In recent years techniques have become available for catalytic dewaxing of petroleum stocks. A process of that nature developed by British Petroleum is described in the Oil and Gas Journal dated Jan. 6, 1975, at pages 69-73. See also U.S. Pat. No. 3,668,113.
In U.S. Pat. No. Re. 28,398 is described a process for catalytic dewaxing with a catalyst comprising zeolite ZSM-5. Such process combined with catalytic hydrofinishing is described in U.S. Pat. No. 3,894,938 for reducing the pour point of a sulfur and nitrogen containing gas oil boiling within the range of 400.degree.-900.degree. F.
In U.S. Pat. No. 3,979,279 a stabilized lubricating oil stock resistant to oxidation and sludge formation upon exposure to a highly oxidated environment is formed by contacting a high viscosity lubricating oil stock with hydrogen in the presence of a catalyst of low acidity comprised of a platinum-group metal on a solid refractory inorganic oxide support.
A two-stage process for preparing a high quality lube basestock oil is disclosed in U.S. Pat. No. 4,181,598 in which a raffinate is mixed with hydrogen and the mixture contracted with a dewaxing catalyst comprising a ZSM-5 type catalyst to convert the wax contained in the raffinate to low boiling hydrocarbons and subsequently, contacting the dewaxed raffinate in the presence of hydrogen at a temperature of 425.degree.-600.degree. F. with a hydrotreating catalyst comprising a hydrogenation component on a non-acid support. Hydrotreating the dewaxed raffinate is limited to saturate olefins and reduce product color without causing appreciable desulfurization.

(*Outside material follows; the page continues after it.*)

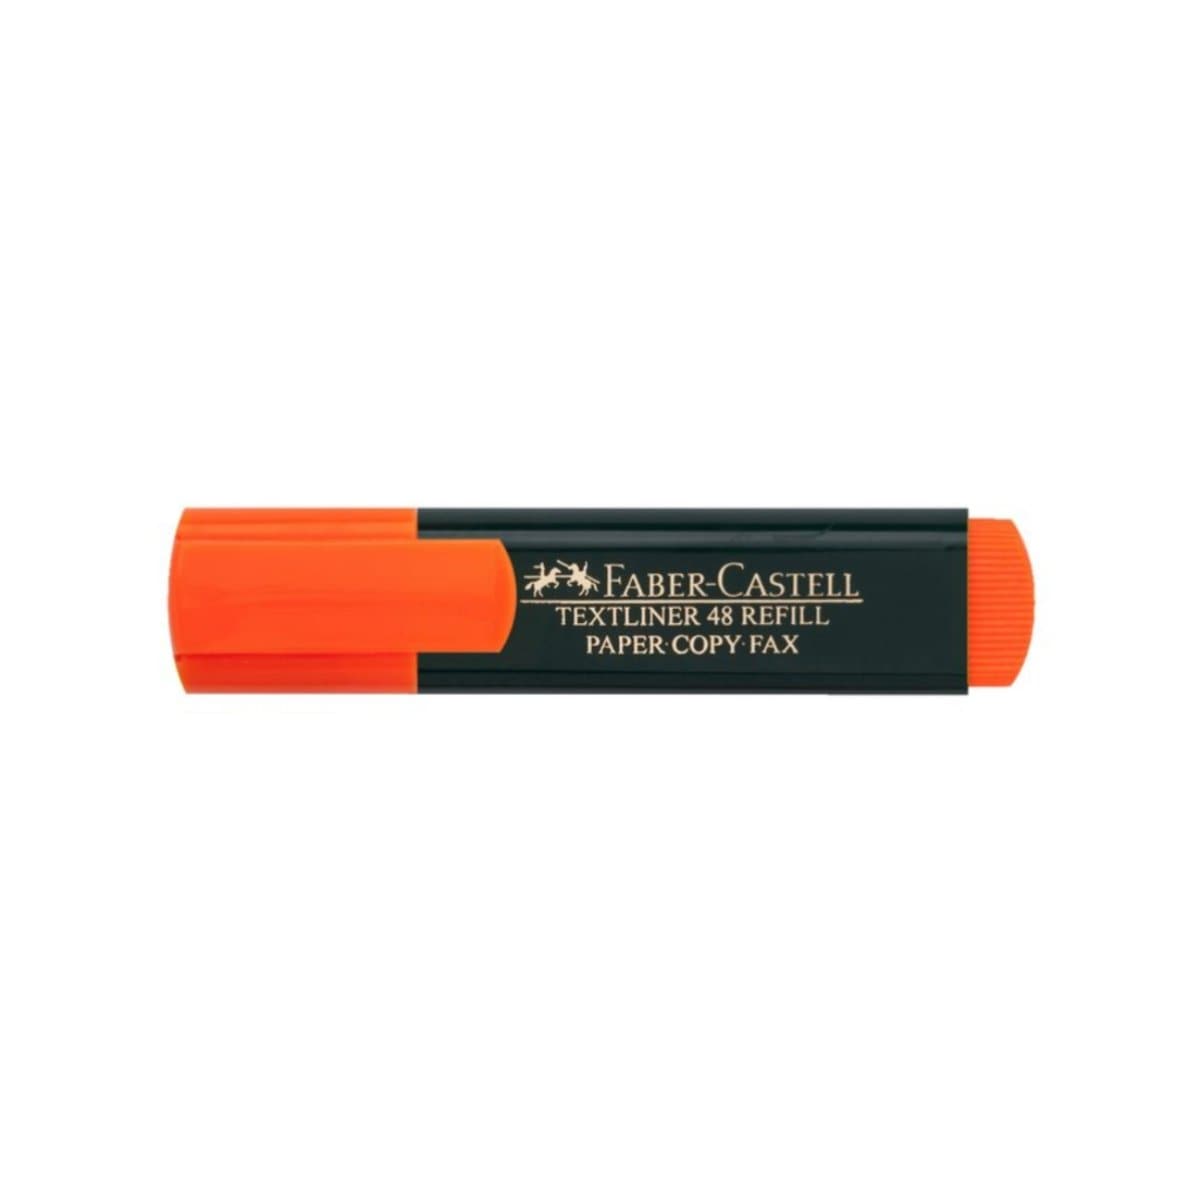 Faber Castell Highlighter, Textliner 48, Orange

It has been found in a hydrofinishing optimization study that at higher temperatures above 500.degree. F. oxidation stability as measured by RBOT declined, but that the viscosity index could be increased several numbers. Also, it has been discovered by the inventor's coworkers that high V.I. lubes can be manufactured from marginal crudes by successive furfural extraction, catalytic dewaxing, and hydrotreating over strong hydrogenation catalysts to desulfurize and crack the sulfur compounds to lower boiling product out of the lube range as disclosed in copending U.S. patent application Ser. No. 528,331 filed concurrently with the present application.

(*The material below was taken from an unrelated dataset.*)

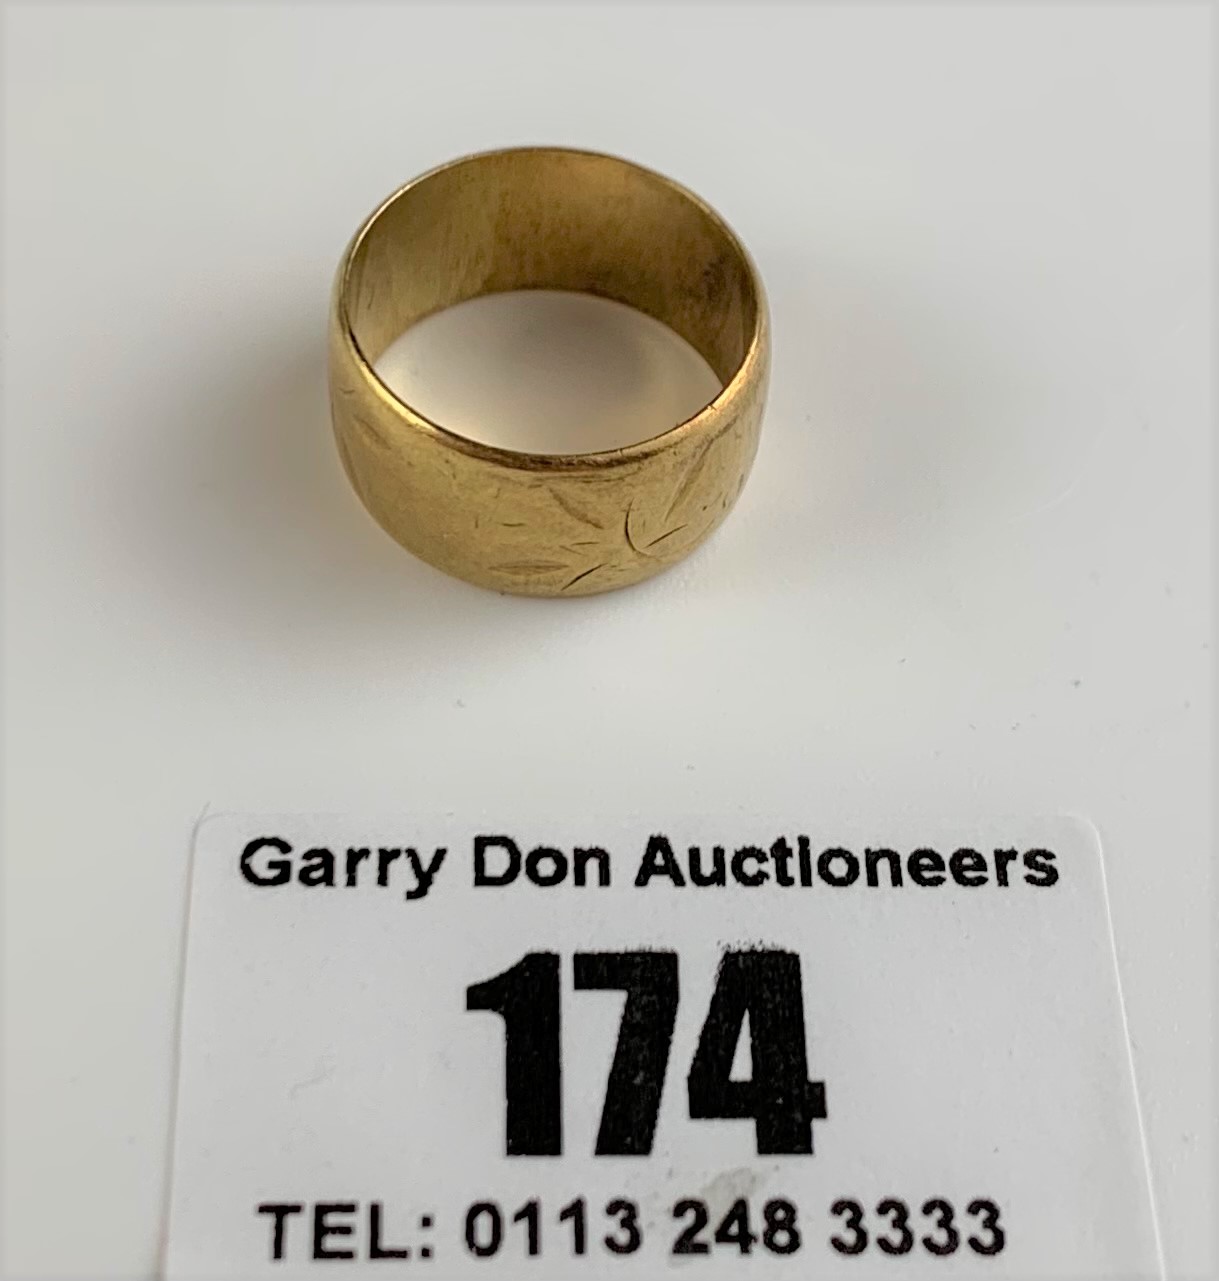 18k gold engraved wedding band, size J, w: 5.5 gms

It is an object of this invention to provide a process for increasing the viscosity index of a catalytically dewaxed lube basestock oil under conditions which greatly reduce the sulfur content of the lube oil basestock without loss of lube yield.
Another object of the invention is to produce a high V.I. lube oil basestock from catalytically dewaxed lube fractions to a viscosity index comparable to that achieved by solvent dewaxing. Other objects will be evident to those skilled in the art upon reading the entire contents of this specification, including the claims thereof.